The lines below from the one with "Vinplast Epoxy glasweefsel" up to and including the one with "无锡市美慧晨纺织用品有限公司" are what you should set down, exactly and without pictures.

* [Data records]
↓
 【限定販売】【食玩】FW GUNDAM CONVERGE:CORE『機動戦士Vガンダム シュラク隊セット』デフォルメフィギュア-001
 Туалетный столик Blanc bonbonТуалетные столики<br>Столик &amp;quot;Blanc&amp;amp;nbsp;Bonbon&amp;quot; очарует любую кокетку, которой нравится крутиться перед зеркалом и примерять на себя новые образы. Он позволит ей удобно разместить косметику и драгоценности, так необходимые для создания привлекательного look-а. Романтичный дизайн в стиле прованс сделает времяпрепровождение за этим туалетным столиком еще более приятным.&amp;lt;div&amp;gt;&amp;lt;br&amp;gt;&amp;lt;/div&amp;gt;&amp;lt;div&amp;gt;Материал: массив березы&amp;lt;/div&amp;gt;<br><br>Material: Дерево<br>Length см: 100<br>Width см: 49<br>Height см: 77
↑
↓
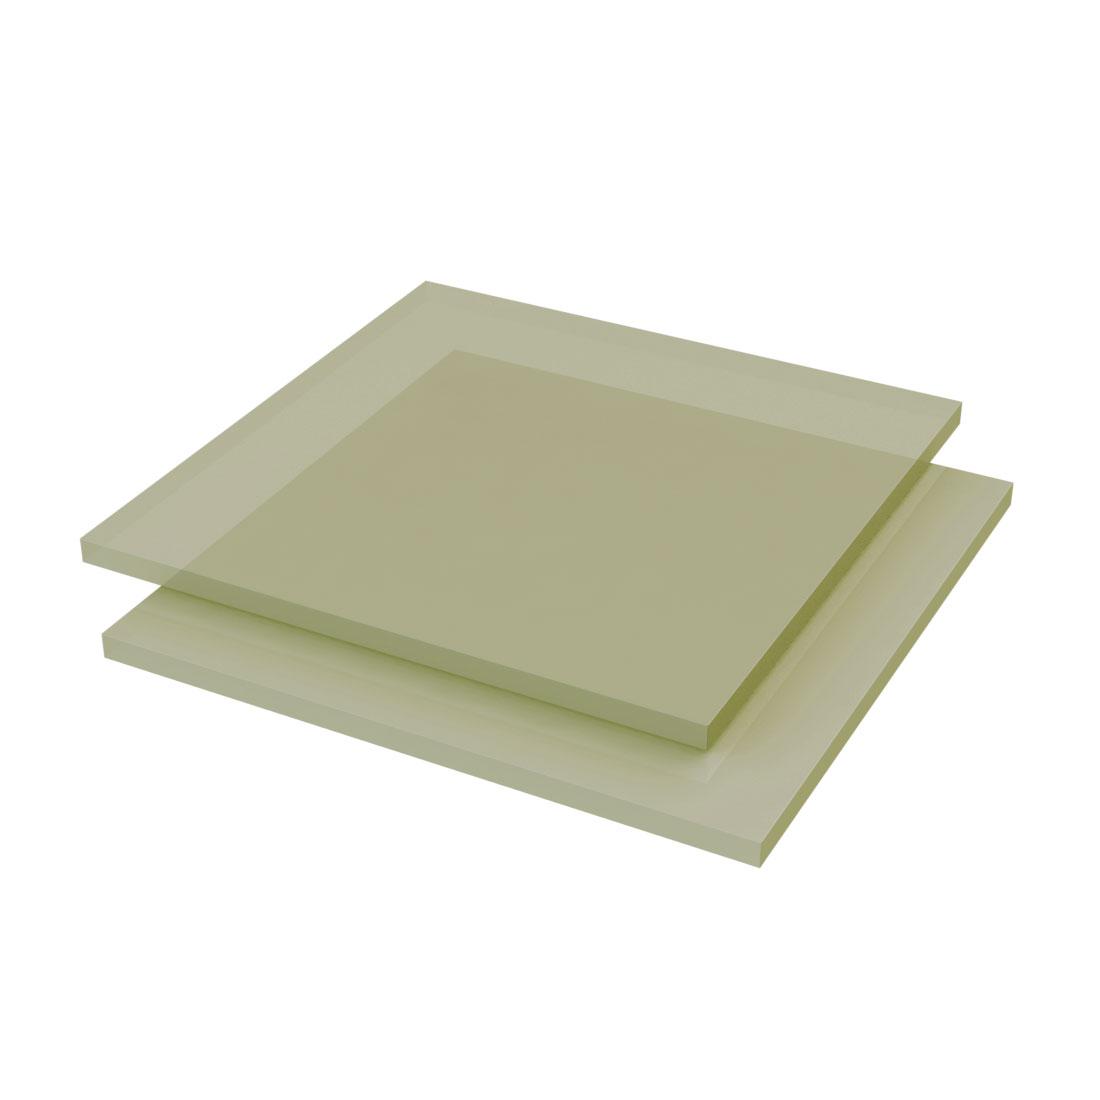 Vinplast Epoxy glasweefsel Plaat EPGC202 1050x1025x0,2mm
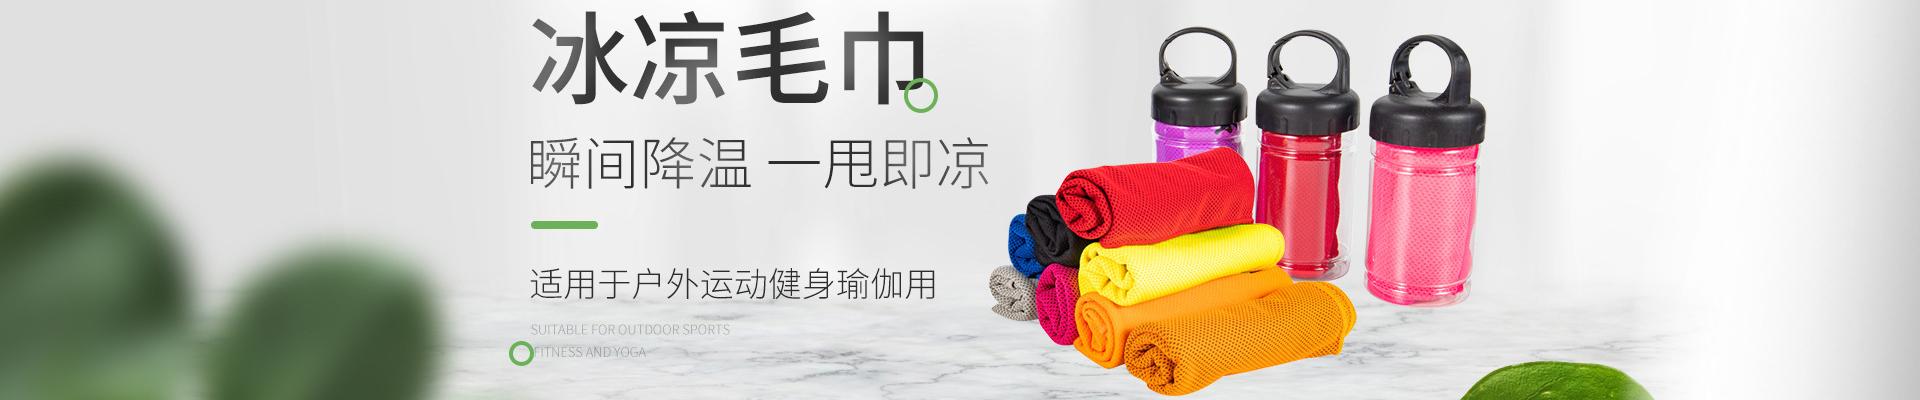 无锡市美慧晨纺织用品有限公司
↑
↓
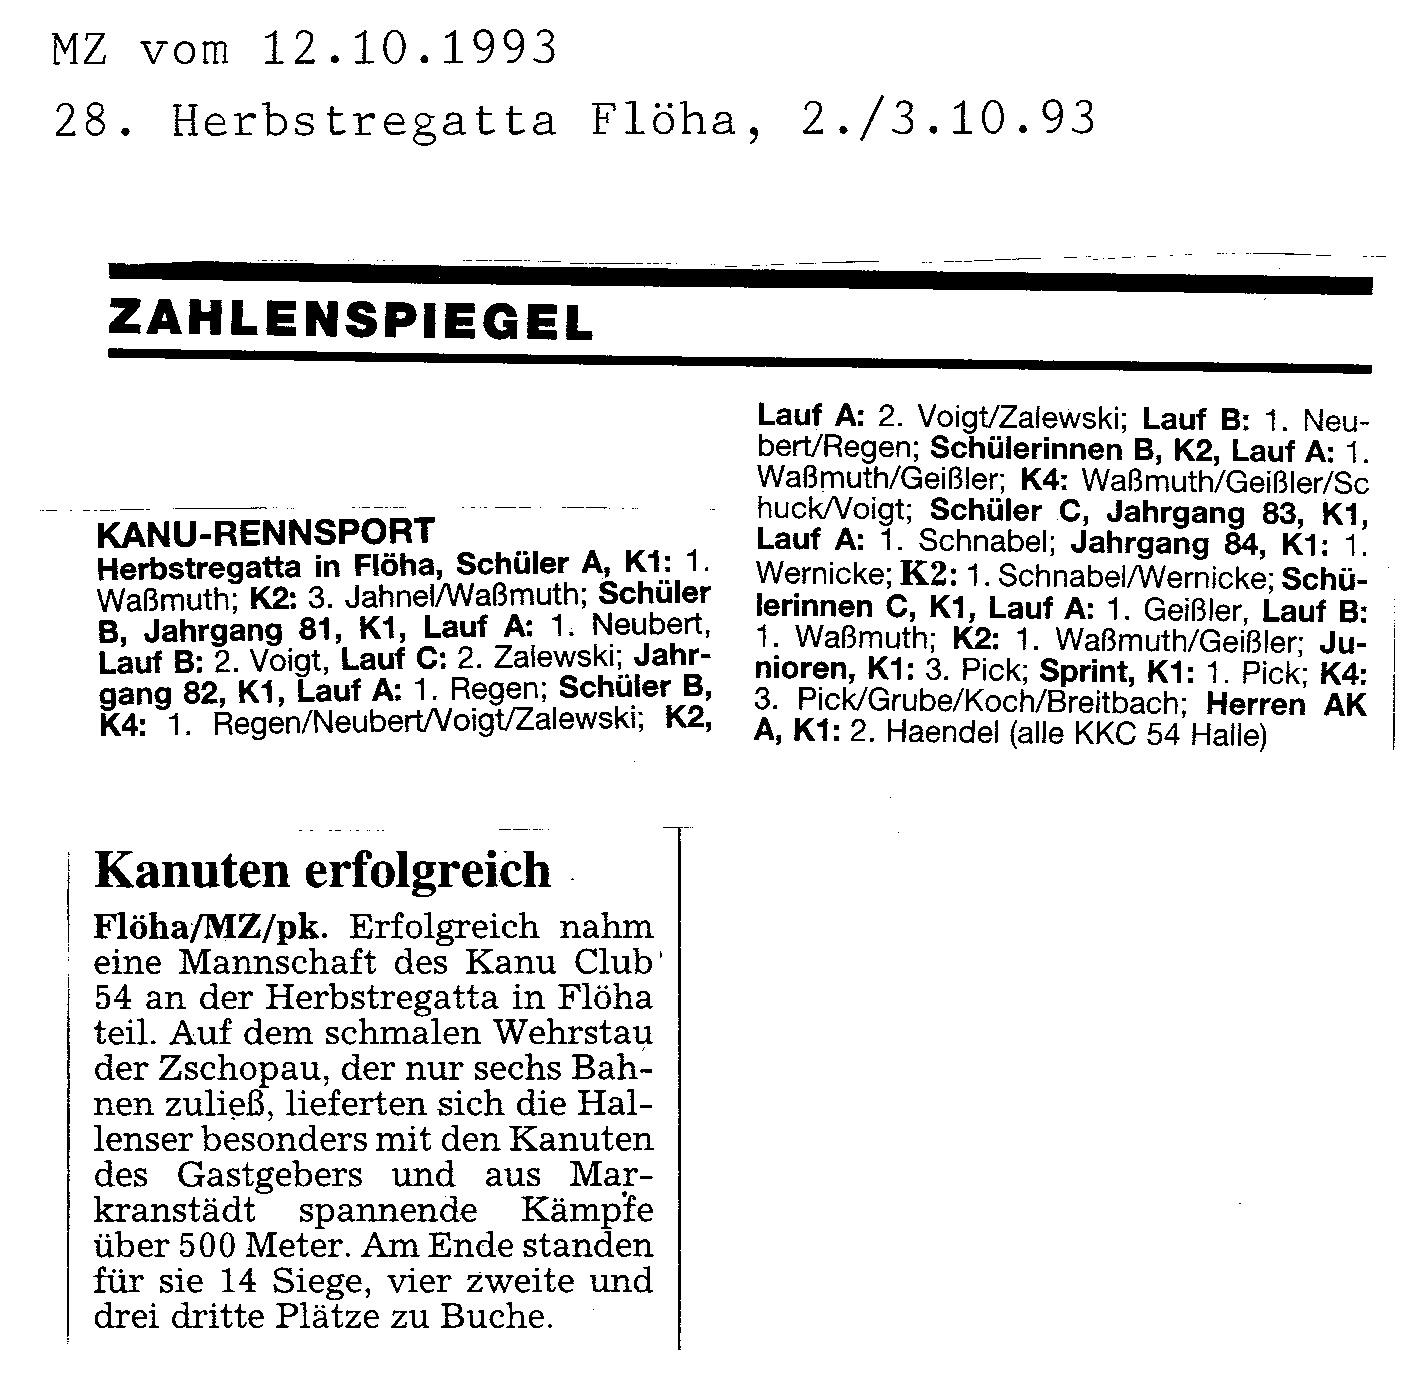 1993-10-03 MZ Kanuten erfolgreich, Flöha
↑
* [Answer]
 Vinplast Epoxy glasweefsel Plaat EPGC202 1050x1025x0,2mm
 无锡市美慧晨纺织用品有限公司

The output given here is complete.